I, of course, stopped again this year, as soon as we got to the Mill. I spoke to the son, Hassan, and told him how much I liked the paintings.
Later on in the day, around noon, I went back to take a picture of the father and son. That was the picture at the top. The father was seated.
I told Hassan to tell his father how much I liked all the paintings, but the nude in particular and how I would buy it if I had the money.
Hassan translated. The dad told him something back, and both their faces lit up in smiles.
He tells me that his Dad has said: ‘Take it. Pay when you have the money‘!
I was shocked. They didn’t know me from Adam. That was an amazing gesture. There was no time period mentioned. Just unconditional goodwill.
With close to 38 years of marriage experience under my belt, I am savvy enough to know that you don’t buy a painting, especially a nude, without at least mentioning it to the wife. So, I explained that and we left. Devanee was with me and she was amazed.
When we told Deanna, we discovered that she too had seen the pictures and had liked that nude. Bingo. She too was amazed at this amazingly generous and brave gesture. She wanted me to get it.

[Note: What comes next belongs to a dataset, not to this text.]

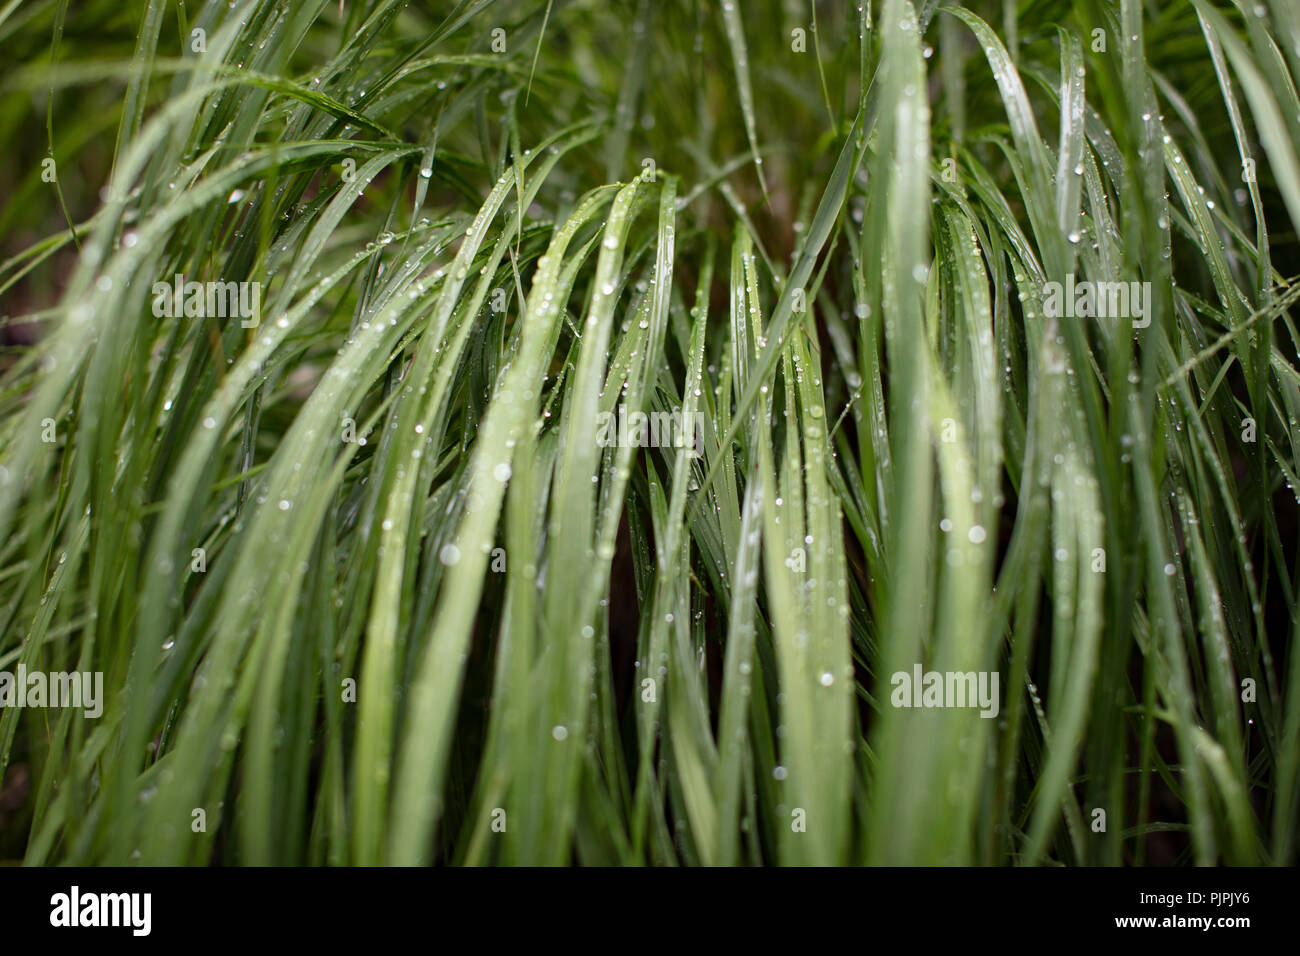 Green wet grass Stock Photo

So I went back and told them that I would come back at 4 pm, when the activities concluded. I wanted them to have it on display as long as they could. I think they were kind of surprised.
Just after 4 we all went to pick it up. Saad, in conjunction with Hassan, explained to us what the symbols meant. Some of them, like the cats and the 2nd from top symbol on the thigh denote good luck. Her lips are sealed about her prior life — but she is not a ‘virgin’. She is dreaming of another man. The fish skeleton and the whole fish indicate before-and-after.
It is vividly bright, very evocative, strangely compelling picture. We all love it.
I plan to pay for it at the end of this month. To be fair, it is not much — and many would find it amusing that I actually don’t even have that much in liquid cash. It is the first ‘original’ I have bought in decades!
We are truly honored that Saad trusted us and of course, we will not let him down.
Moreover, he now has a AVID supporter for life. Of course I am going to promote their work.
Not only do we like their art, we think they are remarkable people.
They have been living in Concord for 3 years. Hassan goes to highschool there. Saad has three other children, another son and two daughters.
We plan to visit their inhome gallery and do a longer interview. Also take some more pictures.
So stay tuned.
IF you are interested in their work, in particular their paintings, contact me (see sidebar) and I will put you in touch with them.
Their trust and generosity reminded me of an incident from 44 years ago, i.e., 1969, which also involved a person from the Middle East. I had just started at ‘Mill Hill’, the private school in London I was consigned to when I turned 16. There was a fair number of foreigners at ‘Mill Hill’. Most of us, who were new at the school and were foreigners had a fairly torrid time from the locals. But we weathered it. We were allowed to walk down to Mill Hill village three or four times a week. I was at the village and was buying an ice cream when I saw one of the other foreigners. He was older than me and bigger. He didn’t speak very good English at the time and I knew that he wasn’t too happy. On a whim I asked him if he would like an ice cream. He, of course, wanted one. So I got him one and handed it to him. It was just a cone. When he took it from me, I could see tears in his eyes. I asked him what was bothering him. He replies: ‘I have been in this country four months now, and this is the first thing somebody bought for me‘. Wow. I really didn’t know how to react. But, I can still remember that incident. Well yesterday, the shoe was on the other foot. I felt like the young man receiving the ice cream.